• WHAT YOU ARE ASKED TO DO
Reproduce the listing exactly and skip over any pictures.

___ RAW DATA

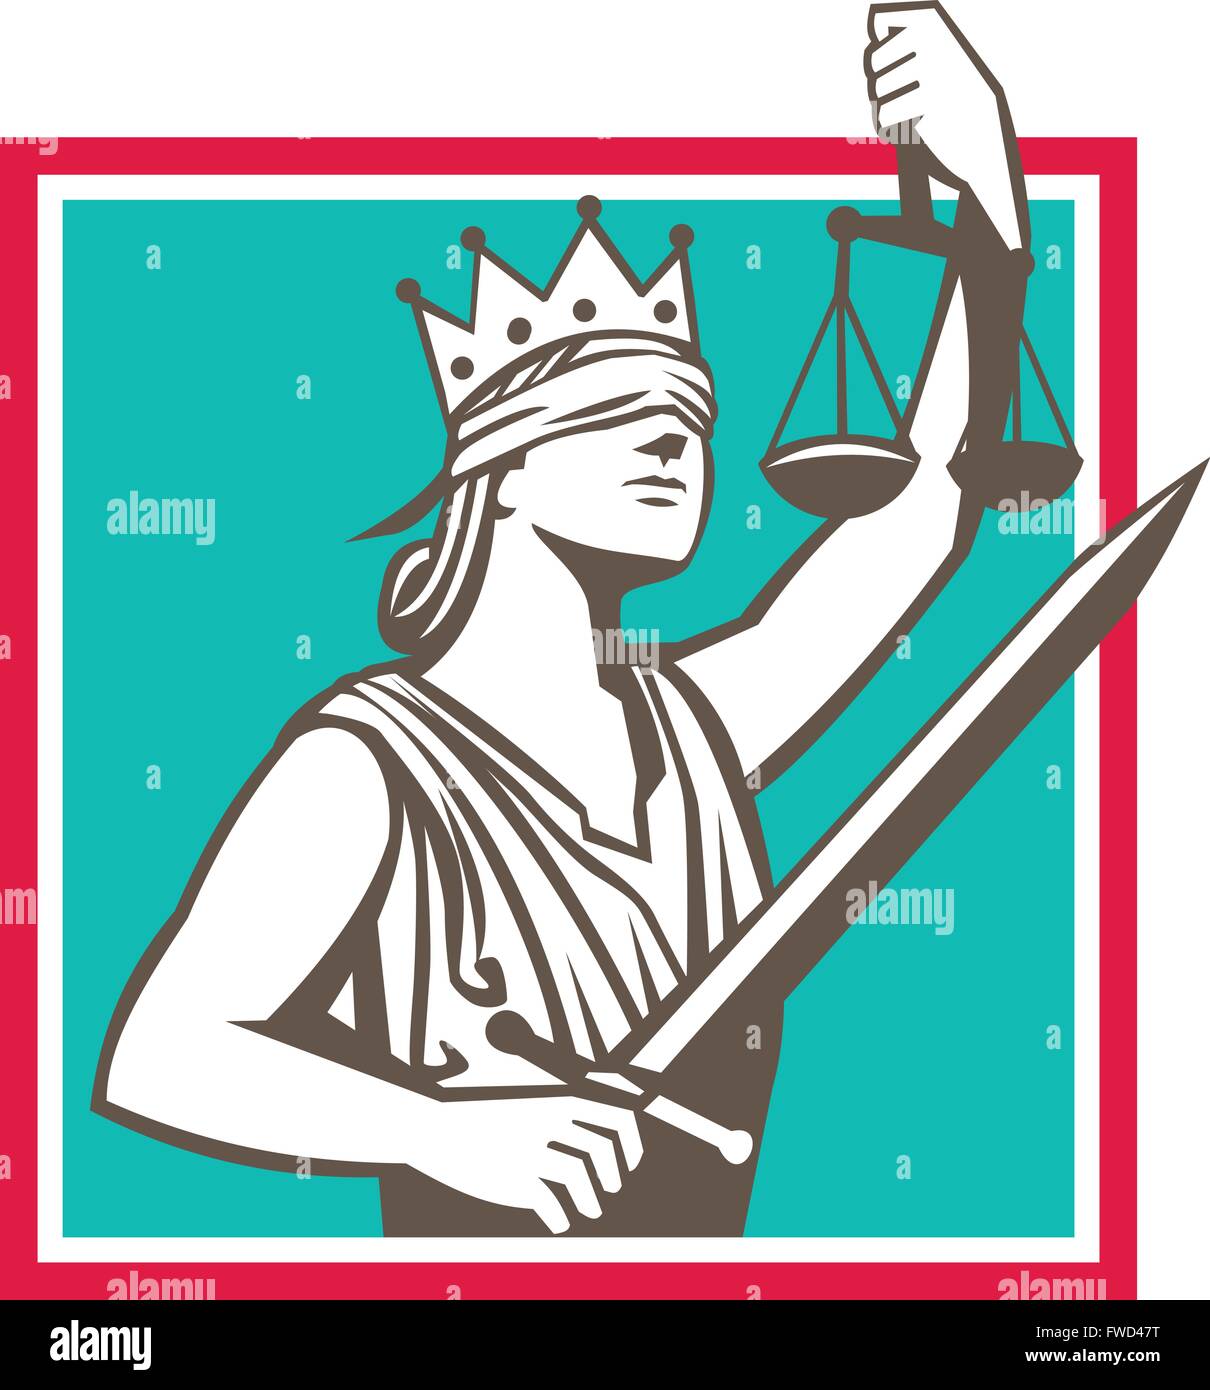 Illustrazione di una signora della giustizia con la corona e gli occhi bendati la spada e sollevamento scale imposta all'interno di forma quadrata fatto in stile retrò. Illustrazione Vettoriale
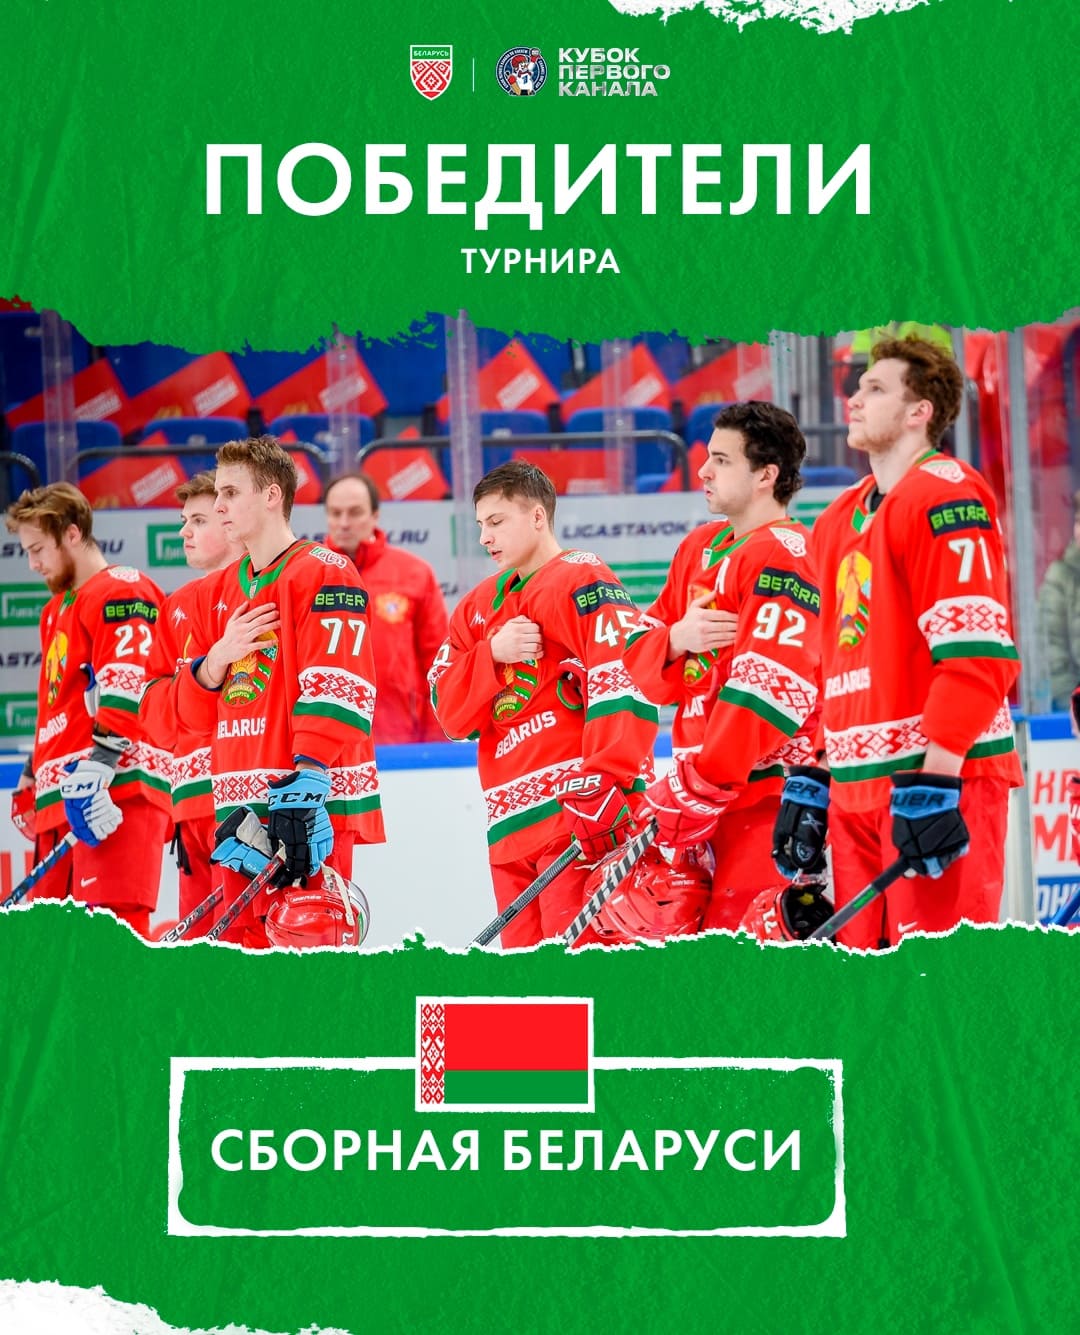 Хоккейная сборная Беларуси выиграла Кубок Первого канала, одолев в финале россиян
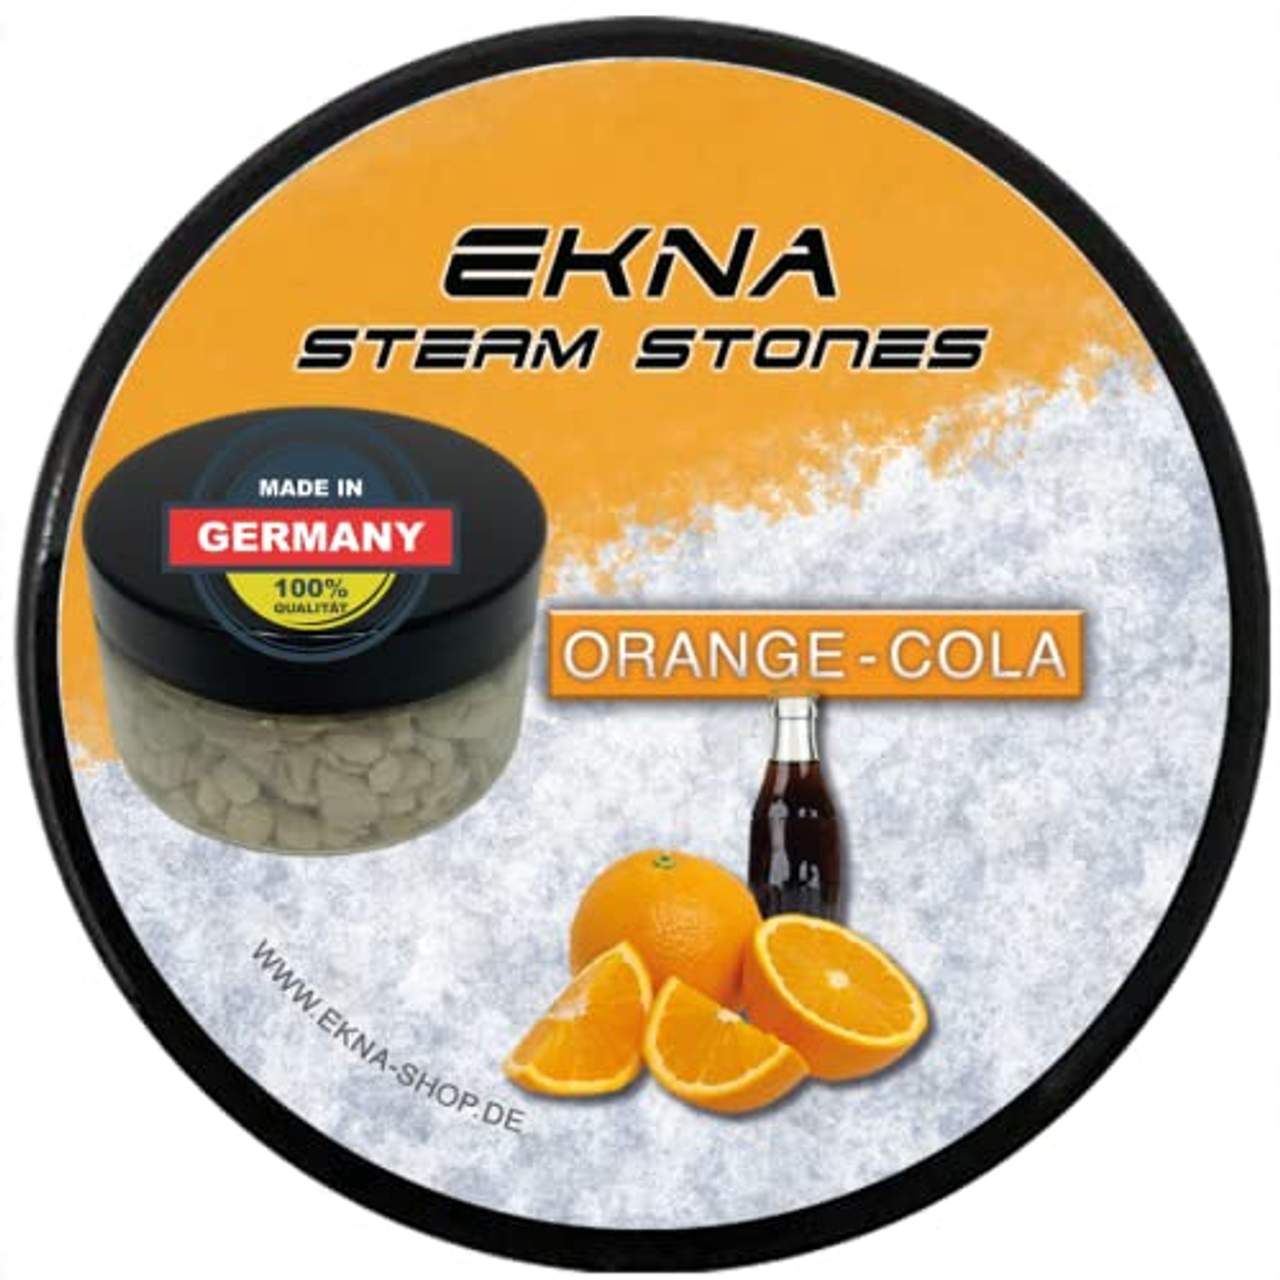 EKNA SteamStones Orange-Cola 120g

______

• RESPONSE
 Illustrazione di una signora della giustizia con la corona e gli occhi bendati la spada e sollevamento scale imposta all'interno di forma quadrata fatto in stile retrò. Illustrazione Vettoriale
 Хоккейная сборная Беларуси выиграла Кубок Первого канала, одолев в финале россиян
 EKNA SteamStones Orange-Cola 120g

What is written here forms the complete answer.